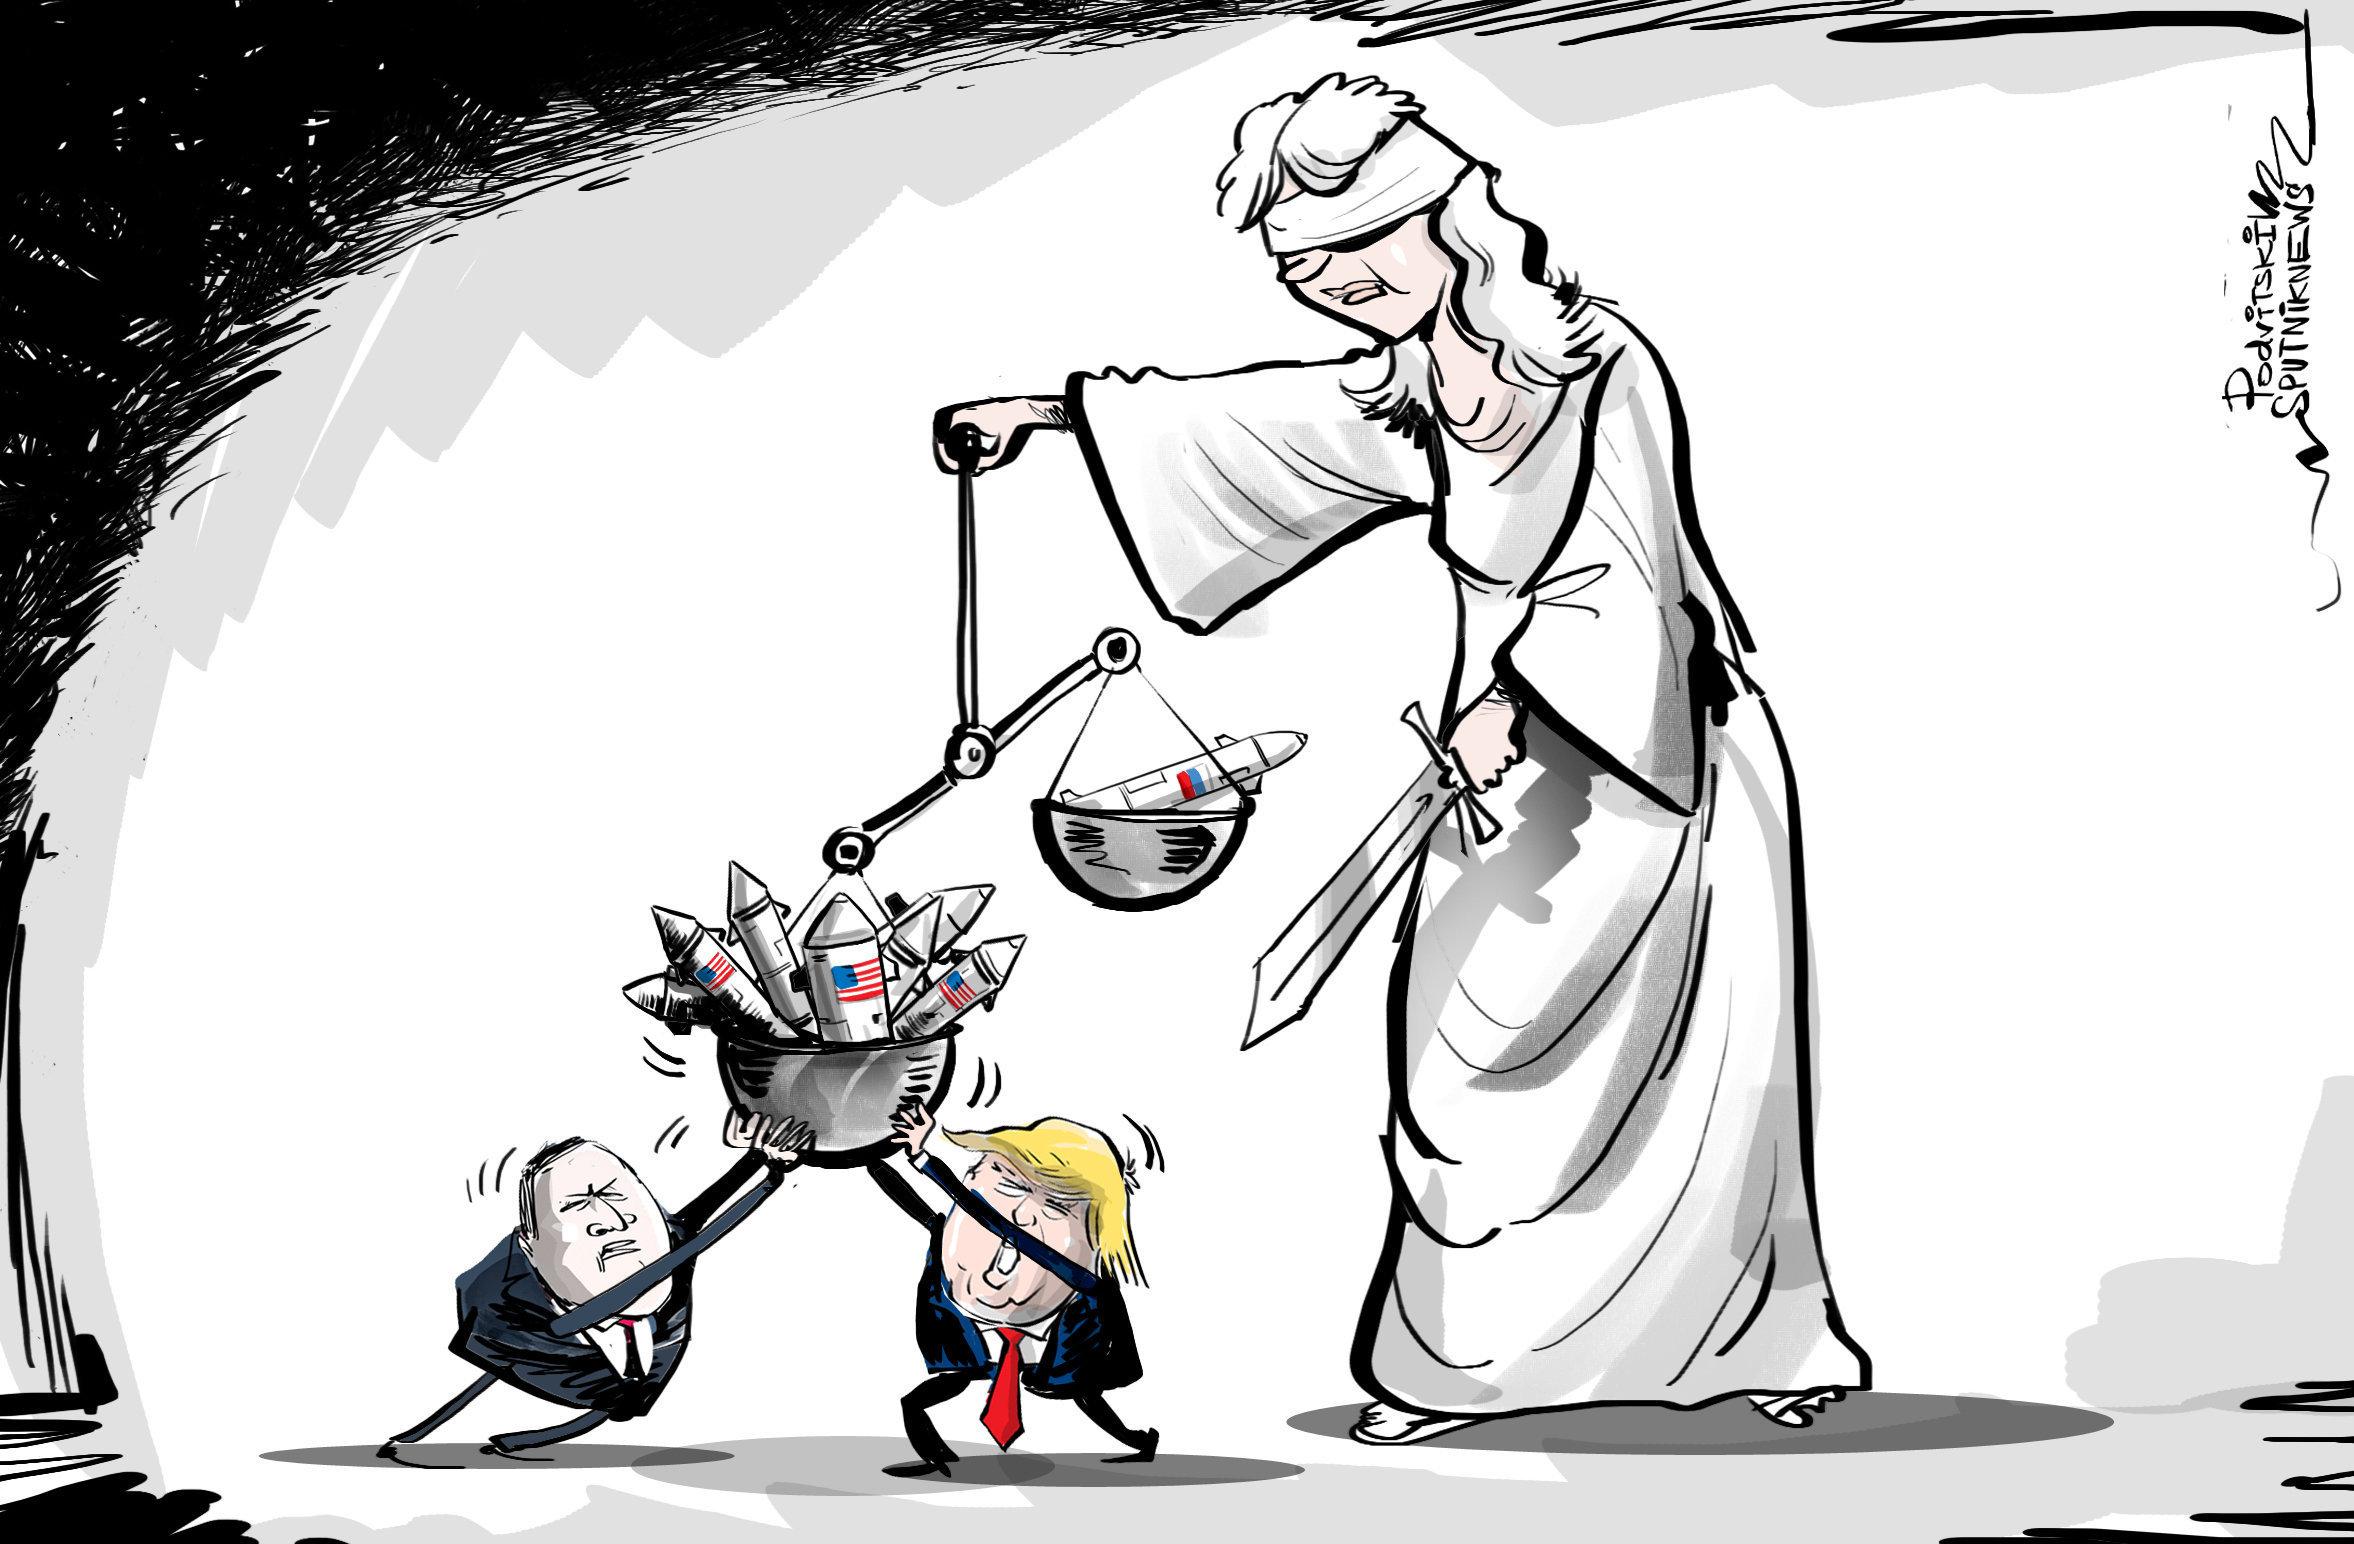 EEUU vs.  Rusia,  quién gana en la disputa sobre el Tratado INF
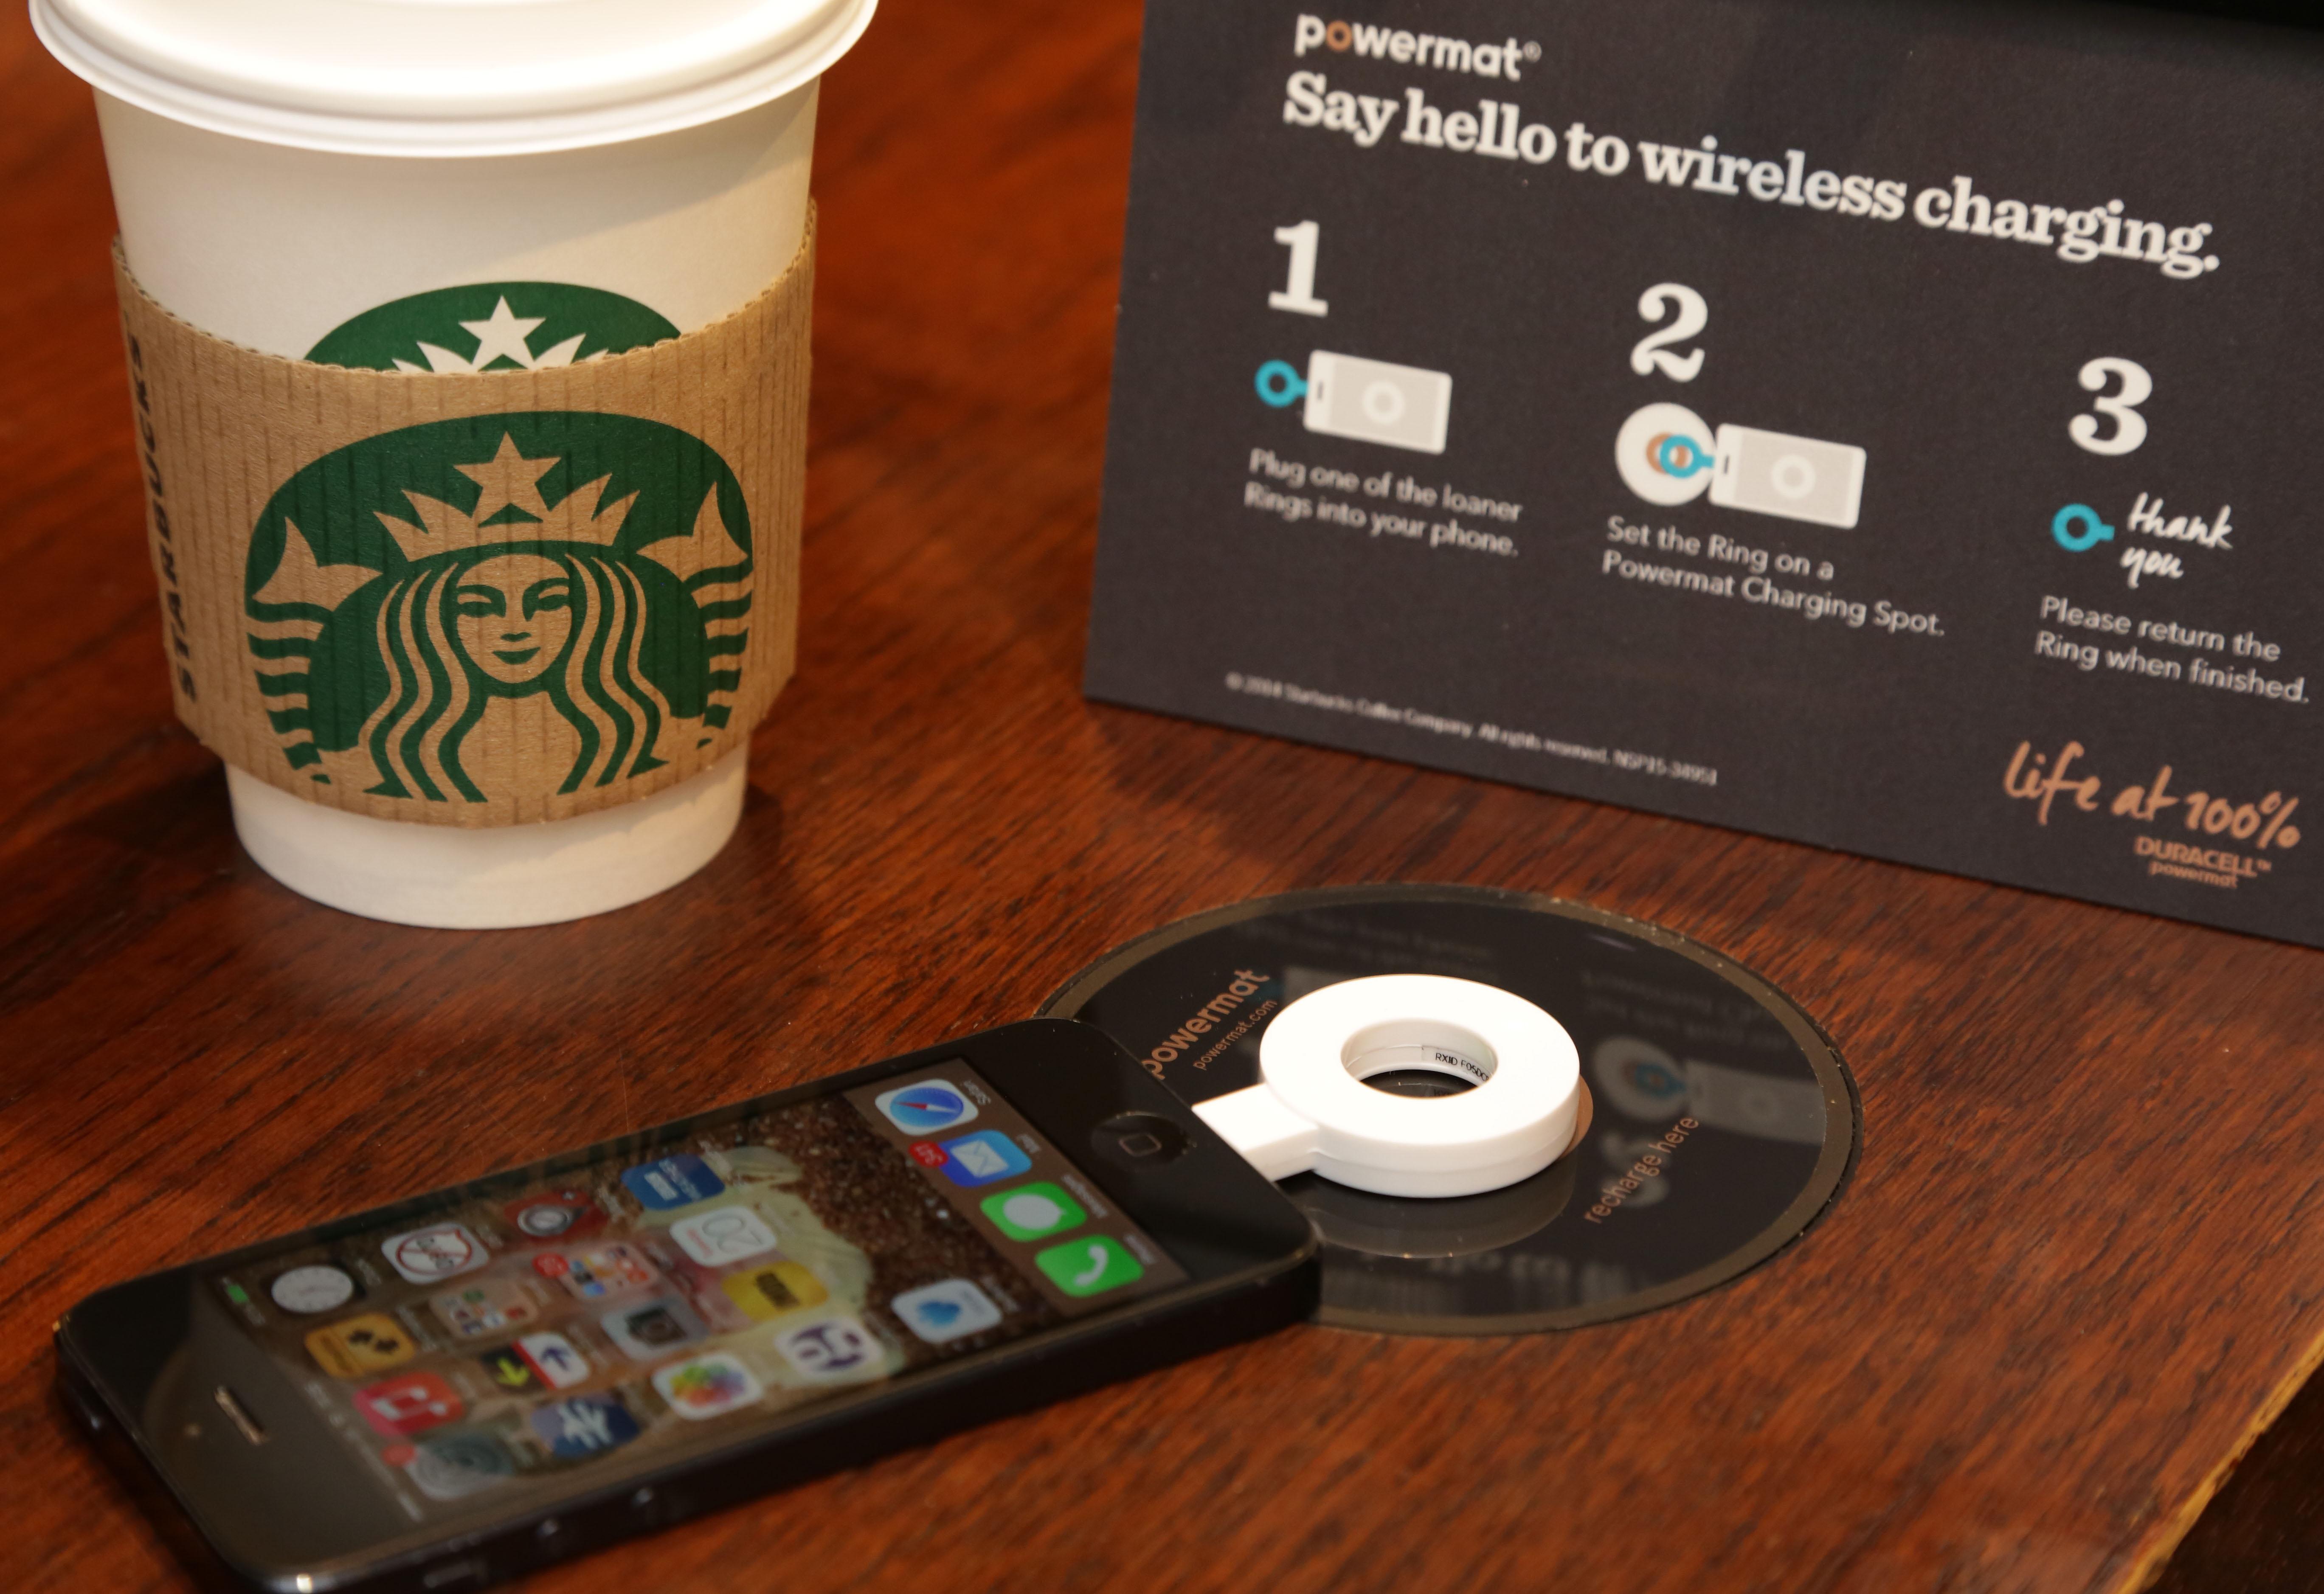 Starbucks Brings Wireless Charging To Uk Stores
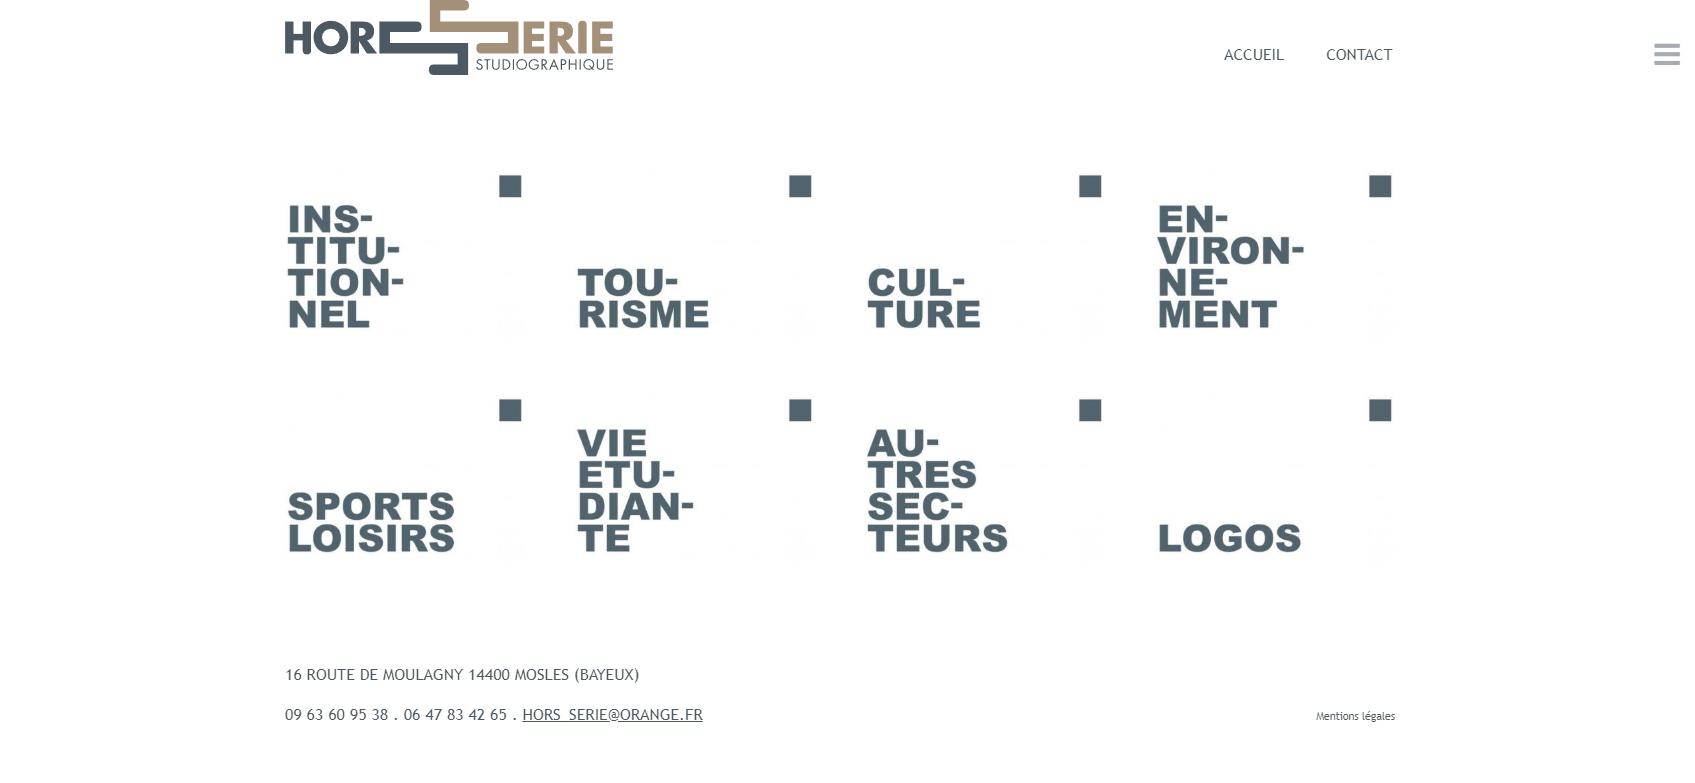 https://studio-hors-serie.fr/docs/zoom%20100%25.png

================================

• What is expected: Please ensure that the data above is repeated exactly, with no pictures in the copy.

• Result:
 EEUU vs.  Rusia,  quién gana en la disputa sobre el Tratado INF
 Starbucks Brings Wireless Charging To Uk Stores
 https://studio-hors-serie.fr/docs/zoom%20100%25.png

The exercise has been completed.